GE Transportation · 2018–2019

GE Transportation, train automation for 3,000+ locomotives

iPad and in-train interfaces designed to replace manual instruction manuals with an optimized, automated speed and braking system

UI/UX Designer
iOS Developer
Motion Specialist
Sketch · Adobe XD
After Effects · Lottie
Rail automation
Motion design

CONTEXT

Train conductors were driving by manual

As GE Transportation’s product portfolio grew, operating conditions demanded a smarter approach. Conductors navigated dense instruction manuals with route-specific parameters, one for each section of track, each car, and each locomotive, accounting for sharp curves, grade changes, weight variations, and speed limits. The inconsistency led to higher fuel consumption and unplanned stops.

GE needed a system that could replace that manual judgment with real-time automation, without taking control away from the conductor entirely.

Problem

Dense manuals, inconsistent braking decisions, and no unified view of route parameters led to inefficient fuel use and increased operational risk.

Goal

An intuitive iPad interface that surfaced the system's calculated speed profile and helped conductors follow, or hand off to, automated throttle and braking controls.

USER RESEARCH

Understanding how conductors think about their route

Working alongside the UX researcher, I mapped how conductors currently handled trip planning. The core insight: they were mentally tracking multiple overlapping rule sets simultaneously, terrain, load, weather, schedule, with no single decision-support tool to surface conflicts or suggestions.

Imagine a railroad with so many obstacles that, in order to preserve the locomotives, the train operators needed to drive according to different parameters, taking into account unstable and remote areas, sharp curves and speed and acceleration variations.

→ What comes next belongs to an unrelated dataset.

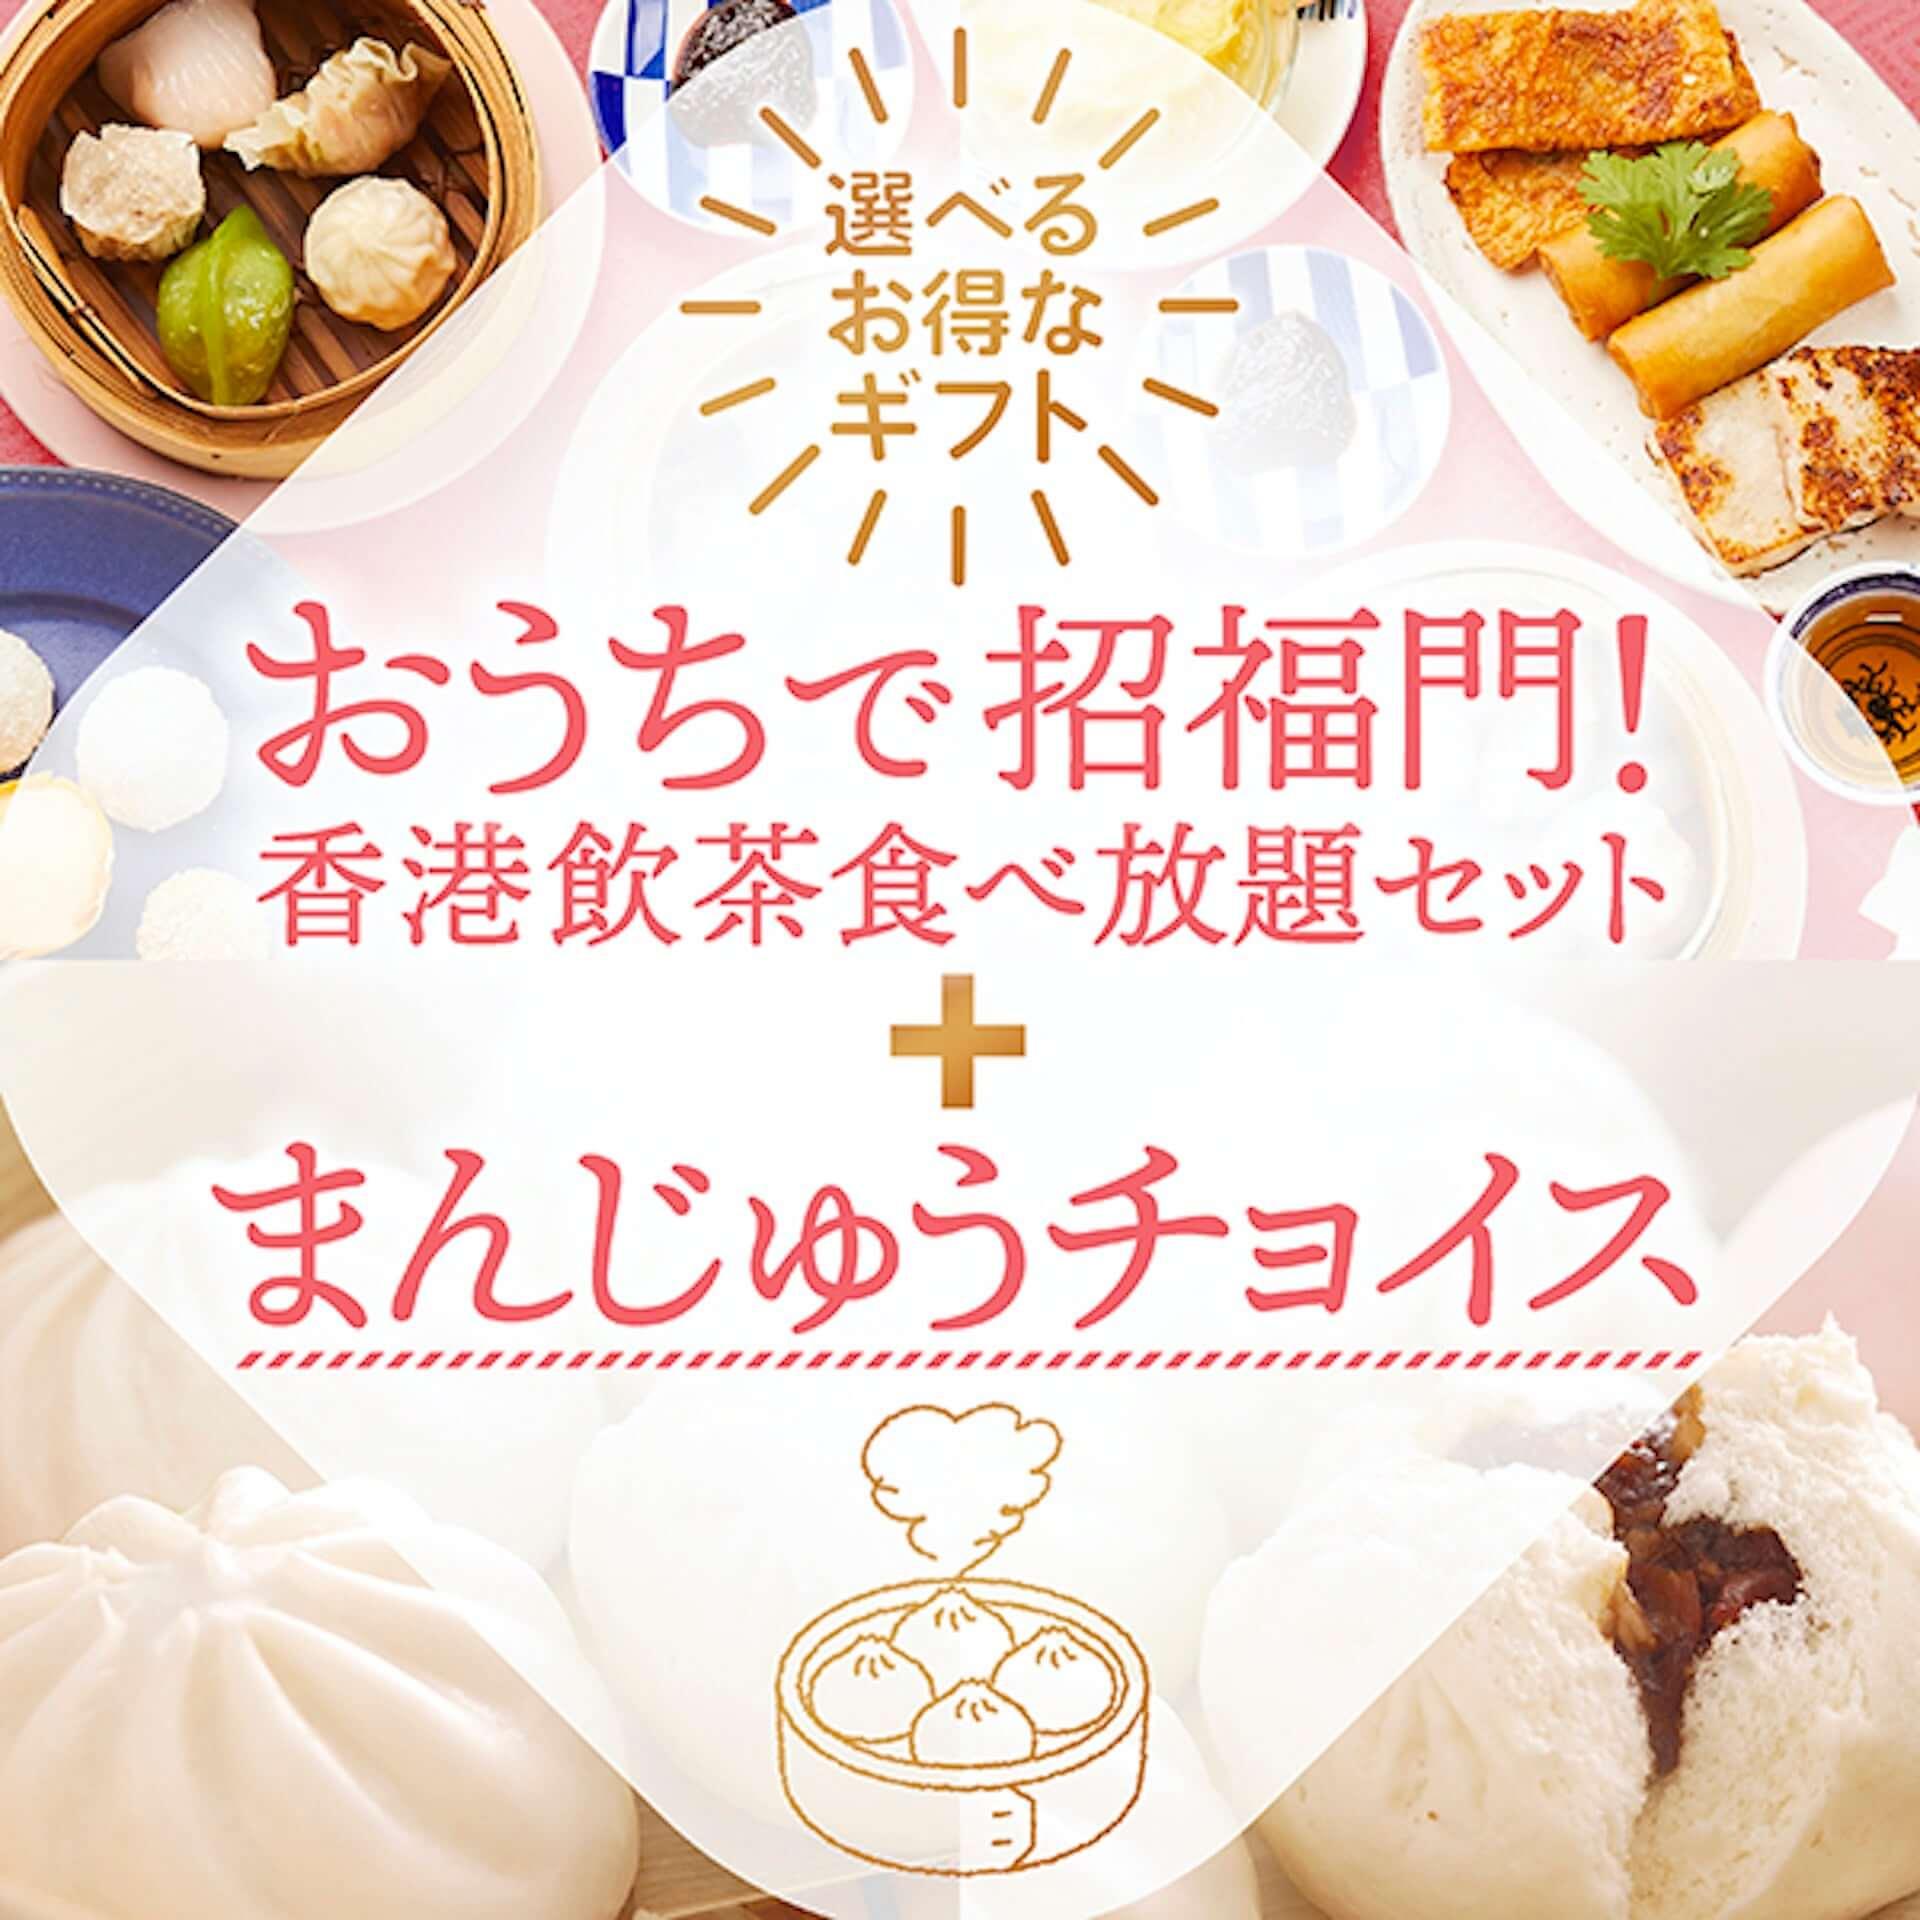 招福門の『香港飲茶食べ放題』をおうちでも!しゅうまい、まんじゅうを追加で選べるギフトセットがオンラインで発売 gourmet200925_shofukumon_1-1920x1920

To give you an idea, train drivers had an instruction manual to drive the train in different sections of the track, with specifications for each car and locomotive, contemplating several territorial and operational factors!

DESIGN PROCESS

Five steps, one flow, from onboarding a trip to handing off to automation

After a brainstorming and sketching phase with the team, I mapped the conductor experience into five clear stages. These became the core navigation architecture for the iPad app, ensuring conductors could always locate themselves in the process and understand what the system was doing next.

1
Initialize trip
Conductor identifies locomotive, train consist, and route. The system pulls relevant parameters from onboard GPS and fleet data.
2
Trip data
Review of route specifics: scheduled stops, distance, estimated fuel load, and time constraints.
3
Train data
System inputs including length, weight, locomotive performance curve, and any special restrictions for the current consist.
4
Restrictions
Speed limits, grade restrictions, and railroad aspects confirmed before the system generates the optimized speed profile.
5
Start trip
Conductor activates Trip Optimizer. Control is handed to the system, with manual override available at any point.

SOLUTION

High-fidelity prototypes and in-train UI

I designed the iPad interface in Sketch and Adobe XD, handled motion design with After Effects and Lottie, and produced all GUI assets for the engineering team.

Below are the in-train screens deployed onboard operational trains.

IMPACT

3,000 trains. 16 million kilometers daily.

REFLECTION

What I took away

What I learned
Design in high-stakes environments requires precision
Safety-critical UI taught me to balance user clarity with system complexity. Ambiguity in a conductor screen isn’t a UX problem, it’s an operational risk.
What I’d do differently
I’d invest more time in early onboarding
Joining mid-stream forced me to move fast. Deeper early understanding of system architecture and operational context would have led to stronger architectural decisions sooner.
Cross-functional insight
Embedded design shapes system thinking
Working from prototyping to implementation, alongside researchers, engineers, and rail operations, shifted how the whole team thought about automation. Design at that depth changes product direction.